The most effective strategy is to establish a clear direction early, craft a story, and help employees and clients see themselves in it. During significant change, uncertainty comes less from lack of information than from lack of orientation. Teams can tolerate ambiguity, experimentation, and even failure, but they struggle when they cannot tell the direction in which the company is moving. Many leaders complain that their teams "are stuck in the past," that they don't understand that "the world has changed." Sometimes it's true. More often, the leader has not explained which story will replace the old one. Declaring that "the old story is dead" does little for the organization if there's no clear direction to move toward. I advise leaders to be explicit about three things: what is changing, what is not changing, and what will be decided along the way. This converts diffuse uncertainty into navigable terrain. But direction alone isn't enough. People also need to understand what the change means for them: their role, their relevance, their future in the organization. A leader who provides strategic clarity but ignores the identity question will probably receive compliance but no engagement. Customers want to understand how they will be served. They both need to see a place for themselves in the story being written. Finally, executives have to make themselves explicitly accountable for the new story. This is the ultimate leadership test, and their people and customers will judge them by it. Hope this helps Federico Malatesta www.federicomalatesta.com
Make change feel safe by pairing full transparency with small, visible wins. Big reorganizations fail when people think change is something being done to them. The fastest way to keep morale and execution intact is to (1) tell the truth early and often, and (2) prove momentum with quick wins that reduce pain for the team. What it looks like in practice - Say what's changing, what's not, and what you still don't know. People can handle uncertainty; they don't handle surprises. - Create a "decision log" and publish it internally (one page): what we decided, why, what we rejected, when we'll revisit it. This stops rumor-driven second guessing. - Run the change as a sequence of 2-3 week "sprints," each ending in something the team can feel: fewer steps, fewer approvals, a faster handoff, a broken process fixed. - Make managers repeat the message in their own words. If the story isn't consistent at every layer, trust collapses. Why it works Transparency prevents the "leadership is hiding something" narrative, and quick wins prevent the "this is chaos forever" narrative. Together, they keep people engaged long enough for the new system to become normal. Kotter's 8-step model explicitly calls out building momentum through short-term wins and removing barriers as core steps in successful change. ADKAR is also helpful when you want to diagnose where individuals are stuck (awareness vs desire vs ability vs reinforcement).

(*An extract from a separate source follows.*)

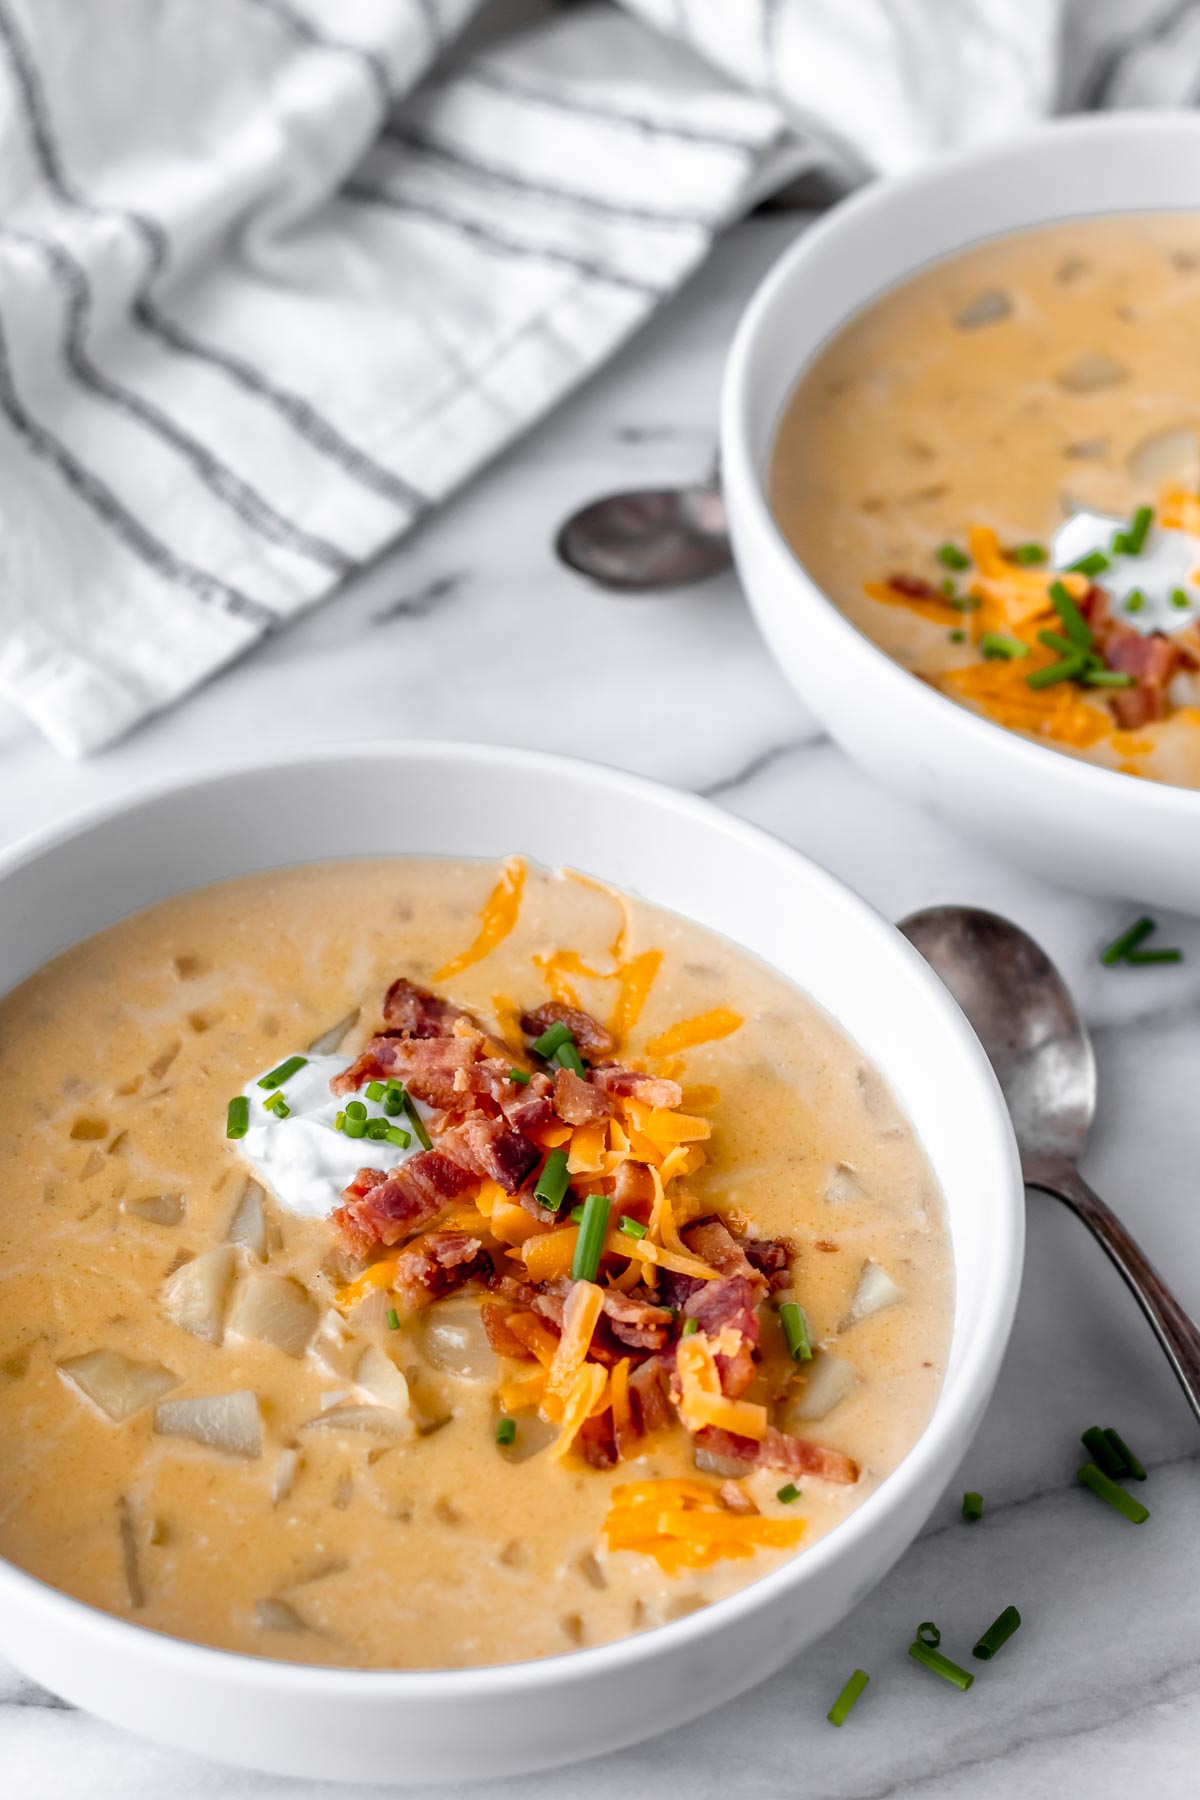 Two bowls of loaded potato soup with spoons and a striped towel near them.

The most effective strategy I use in times of major change is to operate with self-managed teams. When adults have clear policies, the autonomy to make decisions, and control over their schedules with the right scheduling support, they adapt faster and stay engaged. We reinforce that autonomy with real-time communication tools so our field teams can check in, share location, and get quick guidance without waiting on layers of approvals. I also build in one or two backup channels, because no tool is 100% reliable and staying connected is essential during change. This mix of trust, clarity, and reliable communication keeps momentum high and helps the team move through transition with confidence.